** The task **
From the records below, copy out each line that has the word "крем".

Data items
■ ■ ■ ■ ■ ■ ■

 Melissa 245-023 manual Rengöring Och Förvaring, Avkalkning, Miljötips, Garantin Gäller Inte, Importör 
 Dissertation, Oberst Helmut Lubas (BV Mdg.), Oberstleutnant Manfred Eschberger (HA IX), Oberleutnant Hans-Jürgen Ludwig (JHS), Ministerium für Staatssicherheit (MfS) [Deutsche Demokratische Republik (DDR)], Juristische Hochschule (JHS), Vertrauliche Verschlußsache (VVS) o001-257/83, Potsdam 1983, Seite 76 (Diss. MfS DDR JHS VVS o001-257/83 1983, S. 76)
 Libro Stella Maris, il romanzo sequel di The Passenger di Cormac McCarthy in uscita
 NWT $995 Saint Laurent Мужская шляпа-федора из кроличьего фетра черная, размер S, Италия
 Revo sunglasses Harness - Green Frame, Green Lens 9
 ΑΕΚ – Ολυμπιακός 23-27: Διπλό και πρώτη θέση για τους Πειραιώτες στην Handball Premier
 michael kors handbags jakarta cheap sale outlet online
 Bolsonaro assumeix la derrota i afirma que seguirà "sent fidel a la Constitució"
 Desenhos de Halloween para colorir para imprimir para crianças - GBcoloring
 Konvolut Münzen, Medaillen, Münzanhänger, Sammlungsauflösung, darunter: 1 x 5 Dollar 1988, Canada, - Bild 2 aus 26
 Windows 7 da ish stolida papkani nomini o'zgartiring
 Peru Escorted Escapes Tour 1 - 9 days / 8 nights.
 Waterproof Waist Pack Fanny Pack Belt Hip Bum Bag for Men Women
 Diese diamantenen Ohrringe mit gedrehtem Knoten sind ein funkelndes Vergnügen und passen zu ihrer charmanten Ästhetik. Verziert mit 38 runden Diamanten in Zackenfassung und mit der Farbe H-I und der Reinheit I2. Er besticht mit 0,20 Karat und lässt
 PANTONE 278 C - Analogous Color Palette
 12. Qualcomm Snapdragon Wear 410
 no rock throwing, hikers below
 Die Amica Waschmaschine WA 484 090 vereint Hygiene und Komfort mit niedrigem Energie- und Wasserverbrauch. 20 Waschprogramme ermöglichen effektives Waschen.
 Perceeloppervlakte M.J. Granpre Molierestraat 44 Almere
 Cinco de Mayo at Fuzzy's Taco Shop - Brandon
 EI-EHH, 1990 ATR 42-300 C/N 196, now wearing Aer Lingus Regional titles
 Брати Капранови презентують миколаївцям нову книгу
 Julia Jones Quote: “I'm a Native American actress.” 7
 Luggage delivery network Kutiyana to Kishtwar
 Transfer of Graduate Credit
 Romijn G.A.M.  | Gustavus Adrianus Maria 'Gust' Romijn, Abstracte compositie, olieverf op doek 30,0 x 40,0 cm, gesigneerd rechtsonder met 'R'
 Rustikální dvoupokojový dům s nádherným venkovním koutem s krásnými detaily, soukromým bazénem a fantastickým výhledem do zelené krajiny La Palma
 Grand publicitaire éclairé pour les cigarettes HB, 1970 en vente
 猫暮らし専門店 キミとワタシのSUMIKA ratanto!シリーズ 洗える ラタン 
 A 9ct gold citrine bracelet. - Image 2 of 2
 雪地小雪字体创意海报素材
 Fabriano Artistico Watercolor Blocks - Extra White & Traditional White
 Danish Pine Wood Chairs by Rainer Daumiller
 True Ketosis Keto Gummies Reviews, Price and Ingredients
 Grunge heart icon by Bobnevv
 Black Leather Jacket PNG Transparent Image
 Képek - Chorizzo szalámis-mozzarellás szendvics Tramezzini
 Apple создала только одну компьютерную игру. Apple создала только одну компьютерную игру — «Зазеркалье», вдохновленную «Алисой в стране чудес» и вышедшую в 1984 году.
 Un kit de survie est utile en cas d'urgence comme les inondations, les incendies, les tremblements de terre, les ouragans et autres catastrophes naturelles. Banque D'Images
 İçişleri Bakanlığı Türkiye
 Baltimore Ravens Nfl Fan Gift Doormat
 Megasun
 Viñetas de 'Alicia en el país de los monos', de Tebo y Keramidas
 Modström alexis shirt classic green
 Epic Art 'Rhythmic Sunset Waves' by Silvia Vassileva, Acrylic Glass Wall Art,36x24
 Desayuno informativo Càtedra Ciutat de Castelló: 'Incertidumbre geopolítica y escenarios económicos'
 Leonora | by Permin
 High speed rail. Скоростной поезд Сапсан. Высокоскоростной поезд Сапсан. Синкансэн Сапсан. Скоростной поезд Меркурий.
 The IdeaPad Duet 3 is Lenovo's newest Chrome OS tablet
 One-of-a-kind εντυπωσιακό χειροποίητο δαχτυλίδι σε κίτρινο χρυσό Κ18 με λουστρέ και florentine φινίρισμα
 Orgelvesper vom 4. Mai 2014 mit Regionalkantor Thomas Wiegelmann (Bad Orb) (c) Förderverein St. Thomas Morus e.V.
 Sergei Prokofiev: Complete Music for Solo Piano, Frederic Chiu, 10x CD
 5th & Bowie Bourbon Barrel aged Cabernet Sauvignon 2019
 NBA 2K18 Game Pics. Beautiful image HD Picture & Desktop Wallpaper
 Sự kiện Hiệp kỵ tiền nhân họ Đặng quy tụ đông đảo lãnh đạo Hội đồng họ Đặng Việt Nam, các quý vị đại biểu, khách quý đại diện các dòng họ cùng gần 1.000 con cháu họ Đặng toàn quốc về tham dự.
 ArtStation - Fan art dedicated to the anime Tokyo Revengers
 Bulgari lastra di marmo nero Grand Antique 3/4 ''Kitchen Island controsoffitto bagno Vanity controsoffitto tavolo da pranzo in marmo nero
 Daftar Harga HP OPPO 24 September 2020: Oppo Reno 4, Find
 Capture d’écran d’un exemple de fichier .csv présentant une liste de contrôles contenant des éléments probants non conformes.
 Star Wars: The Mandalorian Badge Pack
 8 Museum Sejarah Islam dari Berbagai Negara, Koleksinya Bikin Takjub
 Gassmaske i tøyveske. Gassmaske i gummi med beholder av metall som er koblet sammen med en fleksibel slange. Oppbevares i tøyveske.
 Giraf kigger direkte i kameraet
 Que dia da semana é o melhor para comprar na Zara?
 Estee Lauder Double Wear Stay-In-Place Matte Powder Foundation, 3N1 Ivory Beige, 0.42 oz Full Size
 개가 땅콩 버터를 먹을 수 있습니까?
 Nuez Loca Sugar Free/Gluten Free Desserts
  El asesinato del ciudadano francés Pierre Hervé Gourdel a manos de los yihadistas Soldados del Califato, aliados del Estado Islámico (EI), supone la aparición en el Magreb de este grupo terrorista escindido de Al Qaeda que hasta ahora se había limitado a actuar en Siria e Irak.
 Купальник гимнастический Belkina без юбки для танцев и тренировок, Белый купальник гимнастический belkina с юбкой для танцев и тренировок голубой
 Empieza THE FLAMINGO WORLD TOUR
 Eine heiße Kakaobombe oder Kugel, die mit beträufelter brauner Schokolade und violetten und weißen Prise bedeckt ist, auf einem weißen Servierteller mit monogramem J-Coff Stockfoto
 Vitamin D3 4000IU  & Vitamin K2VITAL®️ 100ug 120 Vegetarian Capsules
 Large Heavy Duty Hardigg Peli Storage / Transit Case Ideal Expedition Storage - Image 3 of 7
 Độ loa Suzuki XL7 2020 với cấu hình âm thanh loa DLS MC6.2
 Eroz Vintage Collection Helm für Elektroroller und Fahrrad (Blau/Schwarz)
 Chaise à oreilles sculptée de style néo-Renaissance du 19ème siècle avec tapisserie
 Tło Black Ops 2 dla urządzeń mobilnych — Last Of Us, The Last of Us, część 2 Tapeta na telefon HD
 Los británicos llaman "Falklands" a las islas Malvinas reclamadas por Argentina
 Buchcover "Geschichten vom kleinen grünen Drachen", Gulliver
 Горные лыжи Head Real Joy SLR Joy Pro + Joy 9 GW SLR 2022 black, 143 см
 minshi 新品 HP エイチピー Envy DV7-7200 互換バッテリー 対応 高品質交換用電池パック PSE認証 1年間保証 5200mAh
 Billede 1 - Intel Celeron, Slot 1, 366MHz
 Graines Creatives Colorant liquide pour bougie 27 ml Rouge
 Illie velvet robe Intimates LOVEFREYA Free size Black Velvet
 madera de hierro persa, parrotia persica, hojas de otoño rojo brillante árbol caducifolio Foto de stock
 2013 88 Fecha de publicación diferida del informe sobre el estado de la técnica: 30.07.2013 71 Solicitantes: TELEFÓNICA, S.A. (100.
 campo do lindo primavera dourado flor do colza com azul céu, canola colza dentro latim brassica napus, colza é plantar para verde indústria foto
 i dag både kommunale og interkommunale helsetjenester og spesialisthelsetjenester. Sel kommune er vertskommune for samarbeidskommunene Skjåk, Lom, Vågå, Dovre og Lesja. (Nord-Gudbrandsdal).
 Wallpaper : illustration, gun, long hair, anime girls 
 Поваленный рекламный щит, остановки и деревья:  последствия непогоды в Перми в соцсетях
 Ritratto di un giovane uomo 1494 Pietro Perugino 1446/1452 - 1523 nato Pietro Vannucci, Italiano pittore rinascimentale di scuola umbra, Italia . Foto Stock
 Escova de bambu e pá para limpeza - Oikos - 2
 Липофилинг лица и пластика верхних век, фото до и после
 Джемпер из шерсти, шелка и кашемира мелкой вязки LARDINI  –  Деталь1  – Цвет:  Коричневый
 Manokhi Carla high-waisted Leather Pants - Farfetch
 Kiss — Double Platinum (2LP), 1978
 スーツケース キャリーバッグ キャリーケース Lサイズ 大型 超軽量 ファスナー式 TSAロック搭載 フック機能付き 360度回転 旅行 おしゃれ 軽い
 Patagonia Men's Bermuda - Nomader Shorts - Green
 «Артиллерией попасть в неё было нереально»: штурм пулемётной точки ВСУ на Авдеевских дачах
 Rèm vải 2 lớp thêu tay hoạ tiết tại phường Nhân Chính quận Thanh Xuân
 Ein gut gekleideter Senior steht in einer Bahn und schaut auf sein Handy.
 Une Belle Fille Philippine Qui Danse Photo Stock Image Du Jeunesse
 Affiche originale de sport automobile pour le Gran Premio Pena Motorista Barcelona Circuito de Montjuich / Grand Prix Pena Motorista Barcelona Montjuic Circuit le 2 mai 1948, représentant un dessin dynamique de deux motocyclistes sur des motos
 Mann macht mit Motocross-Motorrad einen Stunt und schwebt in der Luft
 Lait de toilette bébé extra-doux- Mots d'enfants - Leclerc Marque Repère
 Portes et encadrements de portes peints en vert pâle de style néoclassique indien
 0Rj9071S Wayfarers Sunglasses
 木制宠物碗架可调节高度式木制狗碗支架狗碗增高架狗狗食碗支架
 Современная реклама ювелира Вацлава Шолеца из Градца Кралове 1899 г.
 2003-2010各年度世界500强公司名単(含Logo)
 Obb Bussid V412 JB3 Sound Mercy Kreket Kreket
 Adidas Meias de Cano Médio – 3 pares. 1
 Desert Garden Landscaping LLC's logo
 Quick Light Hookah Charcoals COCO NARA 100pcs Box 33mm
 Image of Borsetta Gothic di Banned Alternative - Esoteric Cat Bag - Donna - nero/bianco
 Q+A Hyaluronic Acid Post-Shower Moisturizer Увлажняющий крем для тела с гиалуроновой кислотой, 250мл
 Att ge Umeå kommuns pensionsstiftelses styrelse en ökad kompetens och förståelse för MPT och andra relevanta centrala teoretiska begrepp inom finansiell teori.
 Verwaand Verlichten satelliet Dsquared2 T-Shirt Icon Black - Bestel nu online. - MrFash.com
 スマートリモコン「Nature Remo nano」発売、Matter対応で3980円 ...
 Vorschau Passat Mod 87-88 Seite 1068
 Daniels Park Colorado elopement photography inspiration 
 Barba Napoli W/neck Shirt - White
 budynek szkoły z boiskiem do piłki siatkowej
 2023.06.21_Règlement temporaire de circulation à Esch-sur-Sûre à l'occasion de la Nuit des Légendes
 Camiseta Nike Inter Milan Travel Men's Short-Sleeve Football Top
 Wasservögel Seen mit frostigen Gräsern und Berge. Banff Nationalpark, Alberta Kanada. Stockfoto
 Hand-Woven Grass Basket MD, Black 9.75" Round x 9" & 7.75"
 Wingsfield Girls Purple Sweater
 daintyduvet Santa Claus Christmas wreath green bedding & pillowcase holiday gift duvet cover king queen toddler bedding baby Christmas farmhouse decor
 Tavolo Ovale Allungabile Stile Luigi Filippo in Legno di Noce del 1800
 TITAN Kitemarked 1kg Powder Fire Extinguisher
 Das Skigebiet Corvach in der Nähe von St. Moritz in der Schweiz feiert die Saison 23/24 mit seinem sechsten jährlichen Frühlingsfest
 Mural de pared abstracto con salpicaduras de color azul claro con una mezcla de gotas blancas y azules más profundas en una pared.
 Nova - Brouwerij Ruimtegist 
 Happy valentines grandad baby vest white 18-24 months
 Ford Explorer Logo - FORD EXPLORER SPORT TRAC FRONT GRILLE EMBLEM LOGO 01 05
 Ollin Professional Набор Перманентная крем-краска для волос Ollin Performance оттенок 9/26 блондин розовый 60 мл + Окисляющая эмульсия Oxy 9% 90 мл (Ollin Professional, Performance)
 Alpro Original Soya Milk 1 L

■ ■ ■ ■ ■ ■ ■

** Written reply **
 Q+A Hyaluronic Acid Post-Shower Moisturizer Увлажняющий крем для тела с гиалуроновой кислотой, 250мл
 Ollin Professional Набор Перманентная крем-краска для волос Ollin Performance оттенок 9/26 блондин розовый 60 мл + Окисляющая эмульсия Oxy 9% 90 мл (Ollin Professional, Performance)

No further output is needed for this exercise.